TASK PROMPT: Your copy should match the listing below exactly, except that it holds no images.

DATASET EXTRACT:
▬▬▬

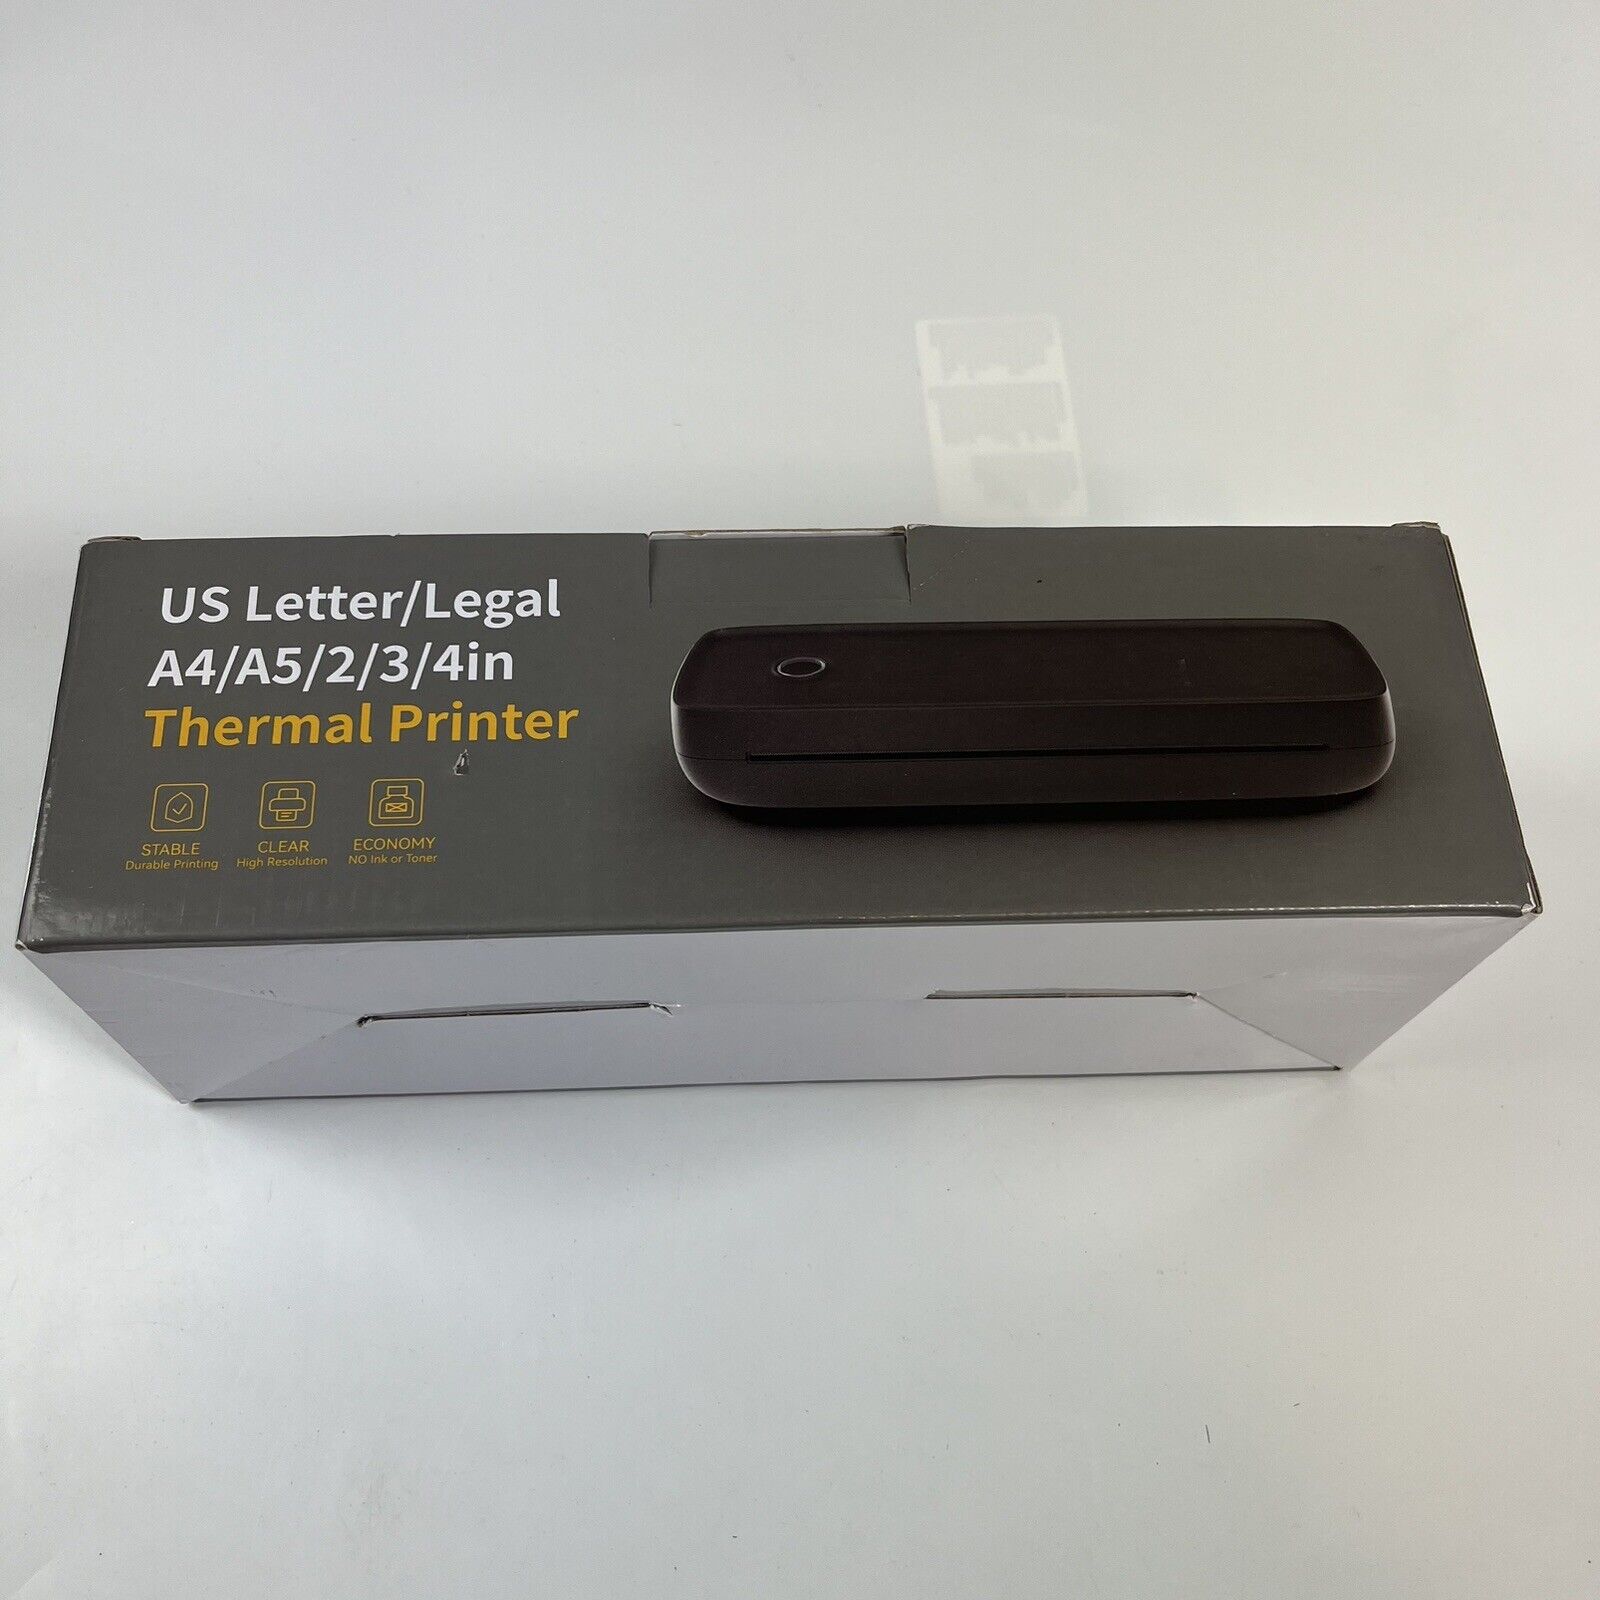 US Letter Legal A4 A5 2 3 4 in Thermal Printer Portable NEW OPEN BOX
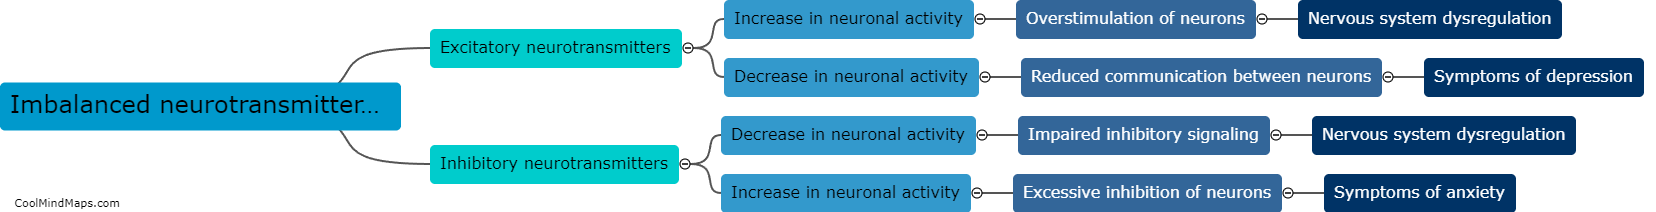 What happens when neurotransmitter levels are imbalanced?
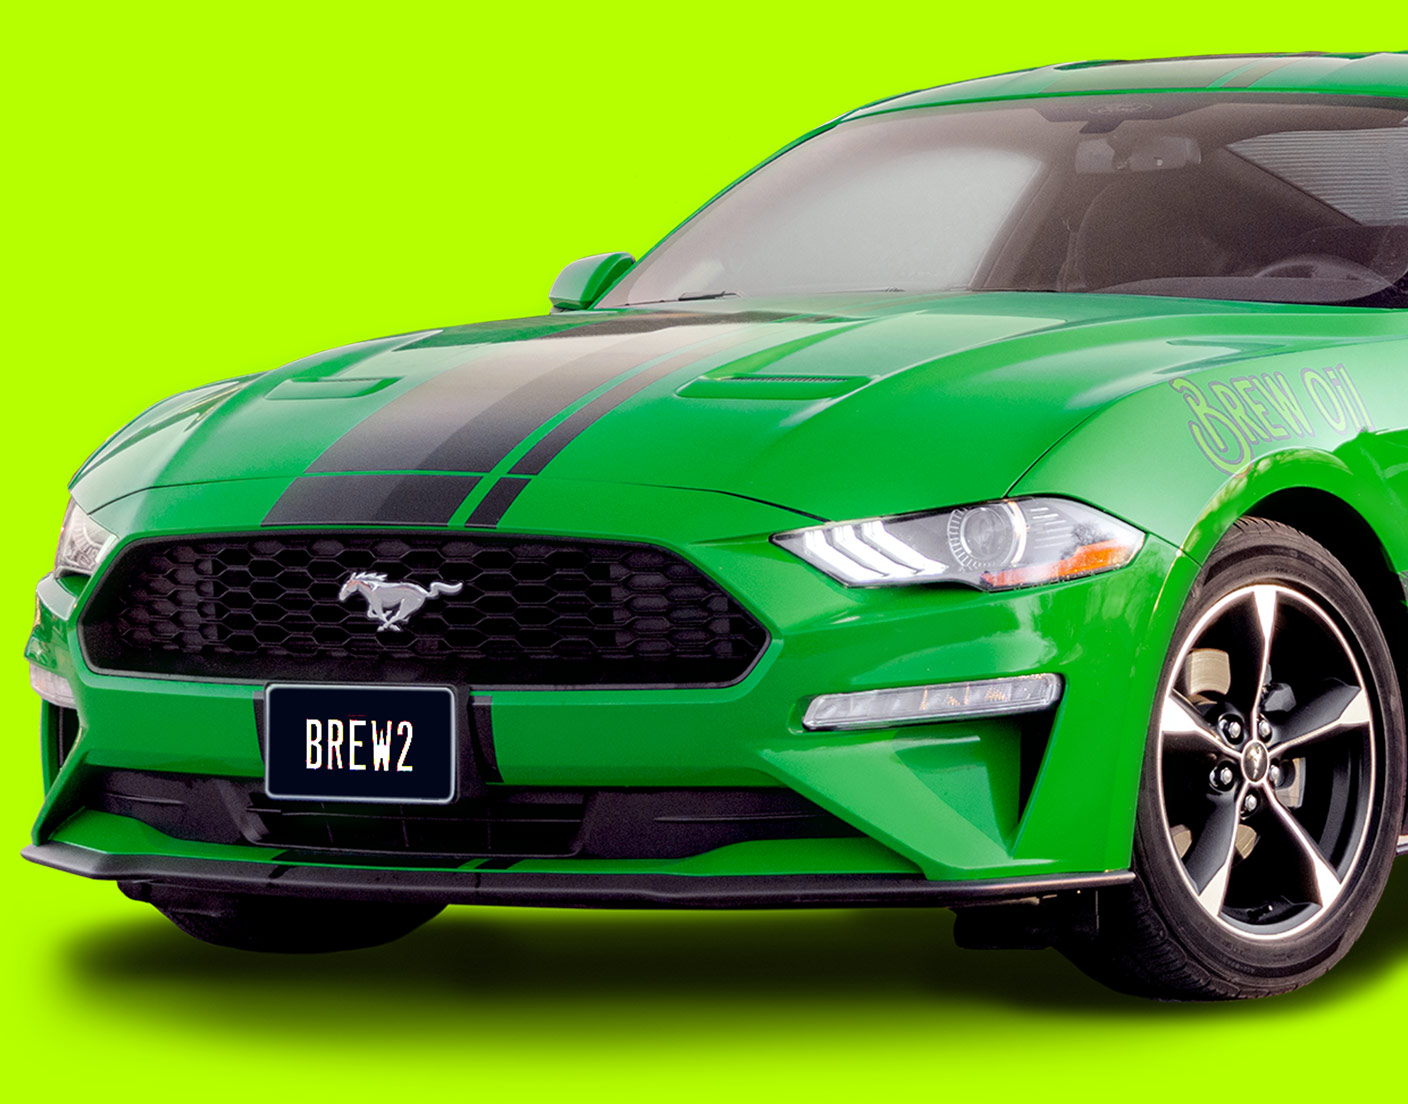 Bright green Mustang at a Brew gas station
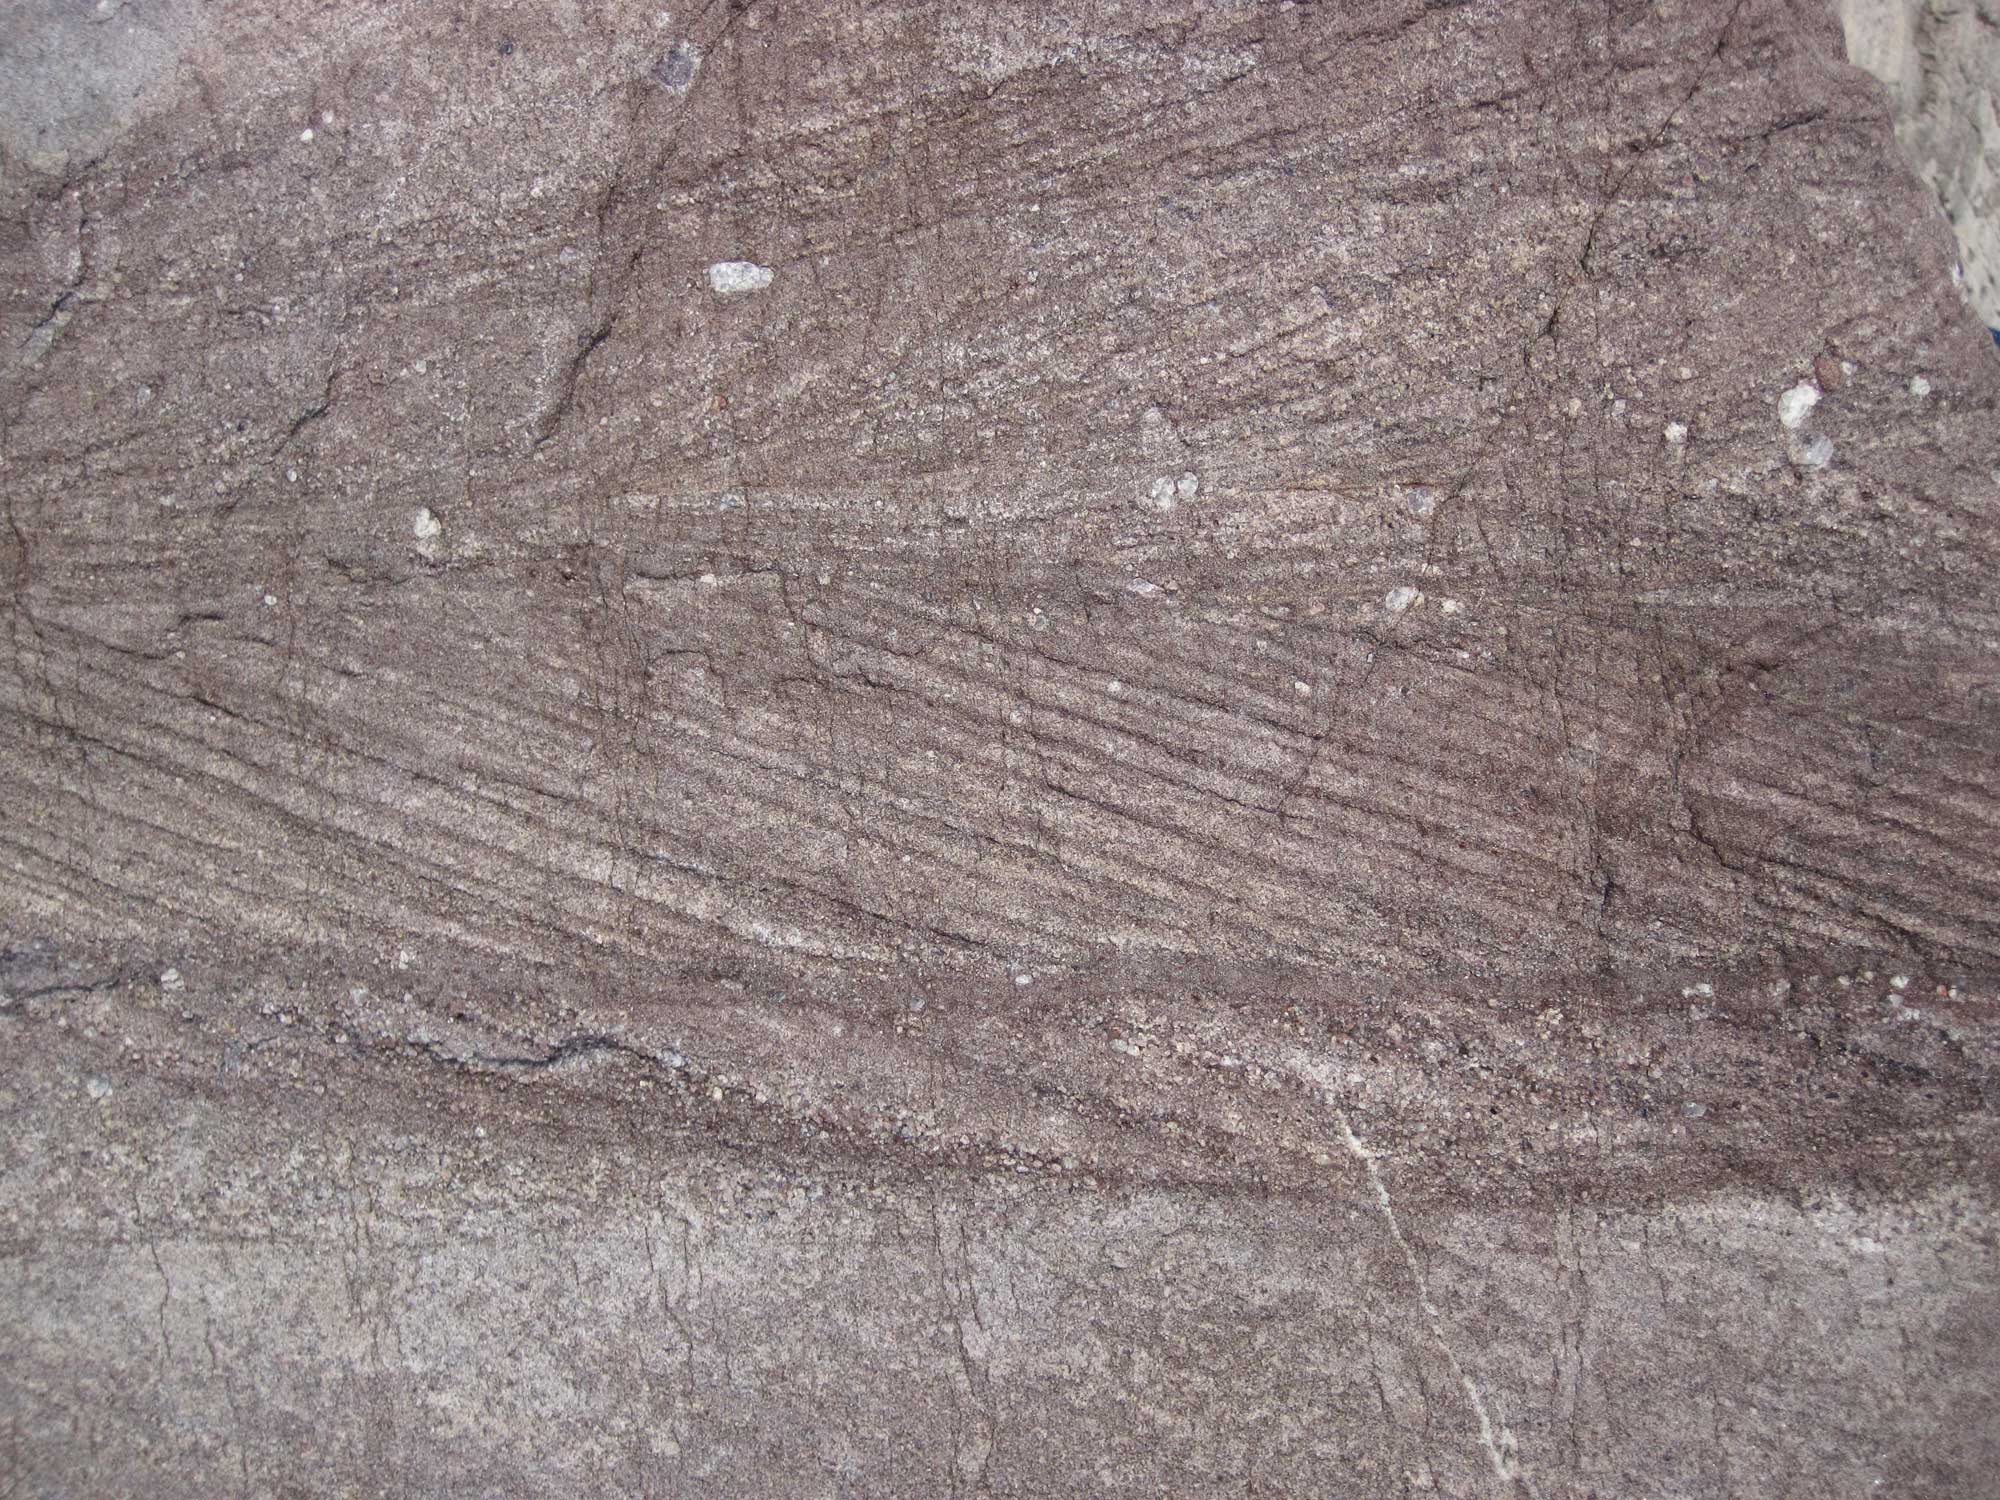 Close-up photograph of Baraboo Quartzite from Devil's Lake, Wisconsin. The photo shows a pinkish rock with cross-bedding.

▬▬▬

YOUR SOLUTION:
 US Letter Legal A4 A5 2 3 4 in Thermal Printer Portable NEW OPEN BOX
 What happens when neurotransmitter levels are imbalanced?
 Bright green Mustang at a Brew gas station
 Close-up photograph of Baraboo Quartzite from Devil's Lake, Wisconsin. The photo shows a pinkish rock with cross-bedding.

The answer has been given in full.